We keep the lights off even when she gathers her purse from the couch. We say bye and kiss in my open front door. Say bye and kiss again. Finally she pushes my lips harder, then steps away.
“Bye,” I say.
She disappears down the stairs.
I don’t close the door until I hear her shoes on the sidewalk. I go to the window and peer through the vertical blinds. She walks down the sidewalk like any stranger, like the stranger she was only a few hours ago, but now an invisible thread connects us. She passes behind the neighbors’ house and is gone.
There’s a near-silent residual ring of her voice in the room, a warmth in the air, a lingering charge from my first visitor here in a long time.
It’s almost 11:30. Most other nights it would be time to go to work, but it’s the weekend and a special occasion. I can’t just sit here and let her energy dissipate, so I pack a few hits of weed in my pipe, pocket it with my lighter and keys, and leave.
Empty sidewalks. The night air is cool, but our sex feels like a covering on my skin, the layer I was missing when I stood naked in front of Lili.

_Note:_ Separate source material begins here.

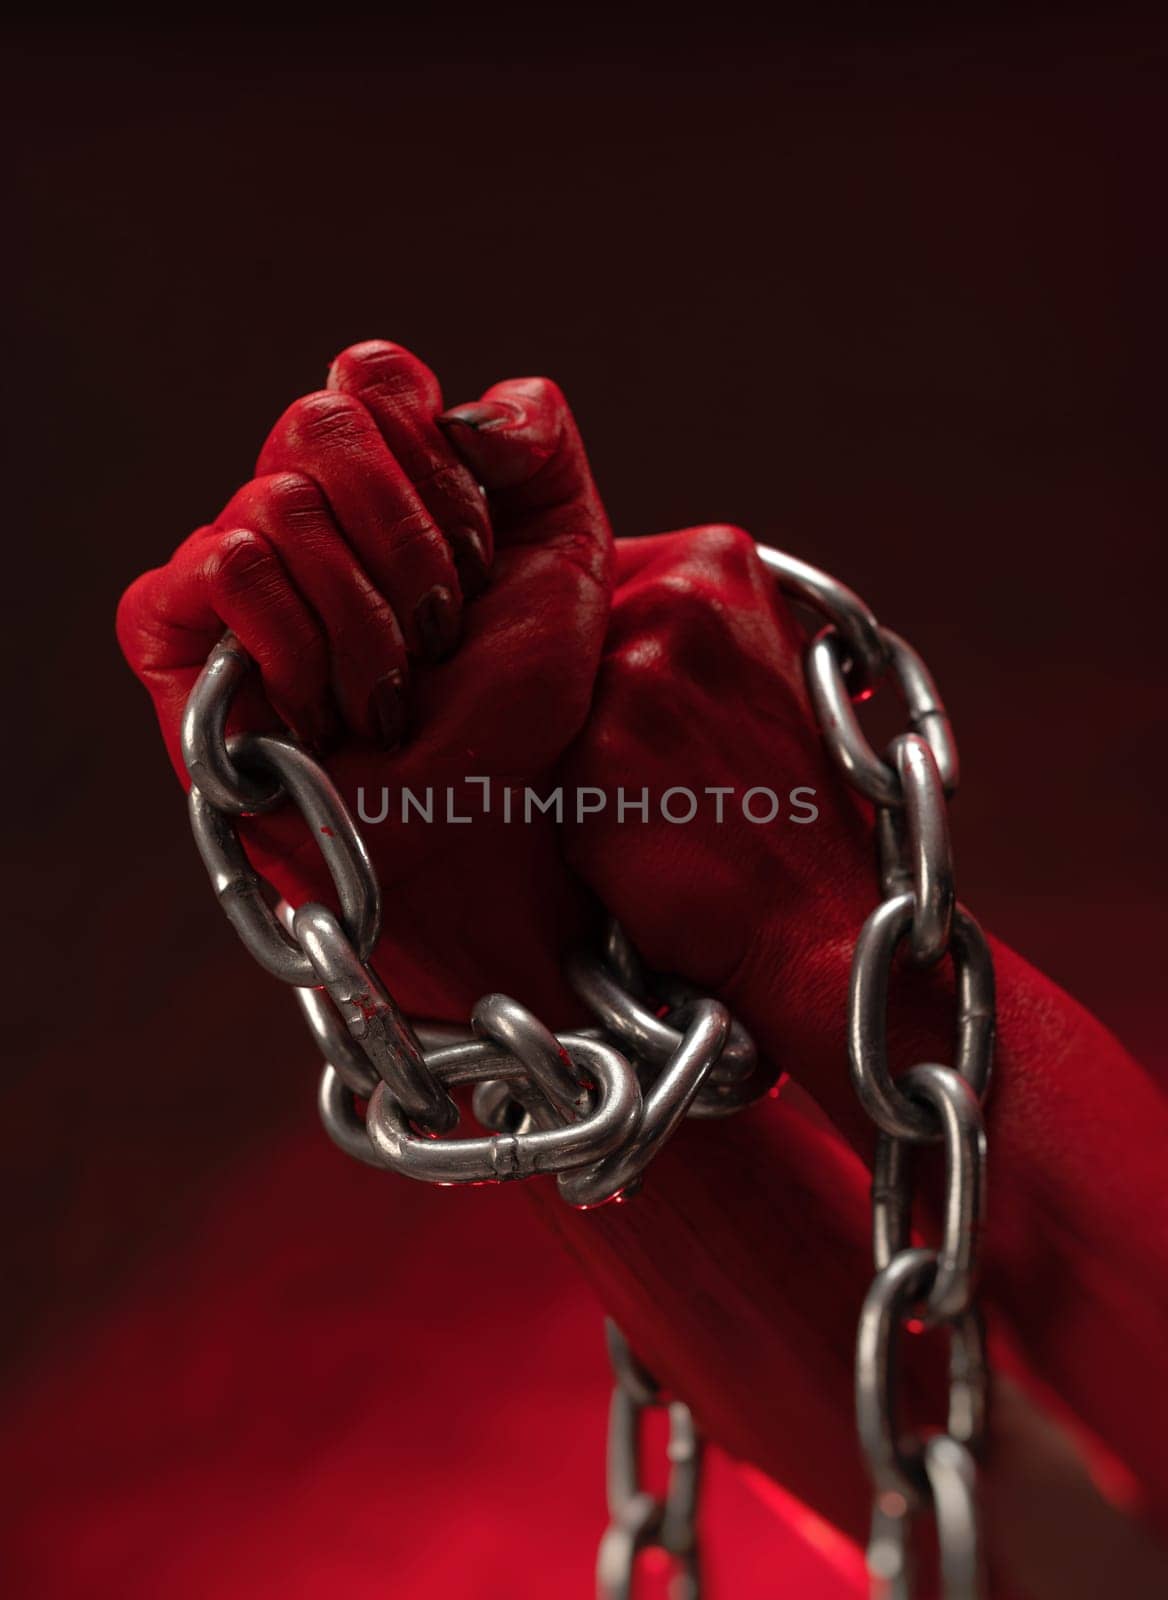 bloodied hands clenched into fists in the shackles of a metal chain symbolize slavery, protest and struggle for freedom

She had joked that she was a virgin. She’s sarcastic. The God thing could’ve been another joke. I can imagine her laughing and saying, “I totally got you!”
A car passes, muffled music through dark windows. The pitch of the music sags as the car goes down the road. When it’s gone I take a well-rubbed notch through bushes and trees to the other side, a dusty path along the river.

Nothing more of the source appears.